Cleaning and balancing the data

To make fair predictions, the data first had to be cleaned. Missing values and odd outliers were handled, and country and other categorical details were transformed using a technique called one-hot encoding, which represents each category as a set of simple yes/no flags instead of arbitrary numeric labels. At the same time, numerical measures such as credit score and account balance were standardized so that no single large-valued field would dominate the learning process. Because customers who leave are less common than those who stay, the team also adjusted the training procedure so that mistaken predictions on churners counted more heavily than errors on stayers, nudging the network to pay attention to the minority group.

Teaching the network to spot at-risk customers

On top of this prepared data, the authors built a multilayer neural network that processes around 30 input features through several hidden layers. Each layer applies weighted combinations of inputs followed by a simple nonlinear rule, allowing the model to capture subtle interactions such as how balance, tenure, and activity status jointly influence the likelihood of leaving. Training was done within a rigorous cross-validation framework: the dataset was repeatedly split into training and test segments so that the model’s performance would reflect how well it generalizes to new customers, not just how well it memorizes those it has seen before. The system’s output is a probability of churn for each customer—essentially a risk score that a bank can act on.

How well the model performs in practice

The neural network achieved high overall accuracy and, crucially, very high precision: more than four out of five customers it flagged as likely churners actually were at risk. That means banks can focus expensive retention offers on a relatively small group with confidence, instead of wasting money on many customers who would have stayed anyway. Although the model misses some churners (its recall is modest), it rarely mislabels loyal customers as flight risks, which is essential when incentives and outreach campaigns are costly. When compared with a suite of other popular methods—such as Random Forests, Gradient Boosting, and logistic regression—the proposed neural network matched or exceeded them on key measures of ranking and discrimination, and particularly stood out in minimizing false alarms.

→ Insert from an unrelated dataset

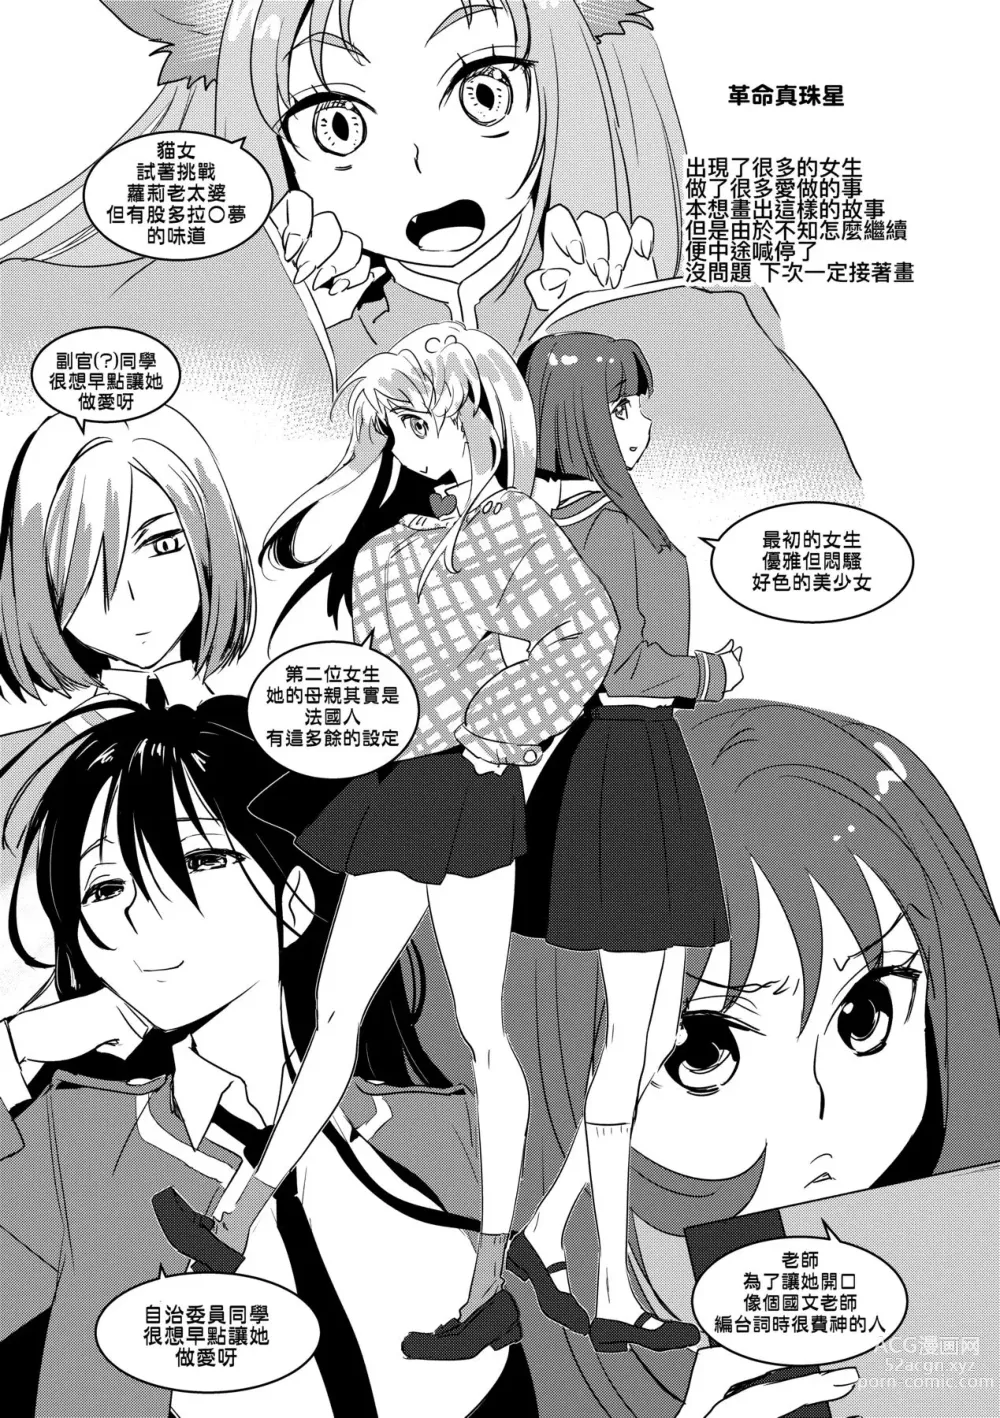 Page 212 of manga Echiechi JK Houimou (decensored)

What drives leaving and how banks can respond

Beyond raw scores, the authors probed which factors the model relied on most. Account balance and whether someone is an “active member” turned out to be leading signals, with credit card ownership, country, and age also playing important roles. In other words, signs of financial engagement and day-to-day activity are strong clues about loyalty. The team also examined how well the model behaved across different countries and genders, and how well its risk scores aligned with actual churn rates. They showed that for low- to medium-risk customers, the probabilities are well calibrated, and that the model can be used to design targeted campaigns that maximize profit: focusing on the top 10–30% highest-risk customers yields the greatest financial return; beyond that, extra outreach starts to cost more than it saves.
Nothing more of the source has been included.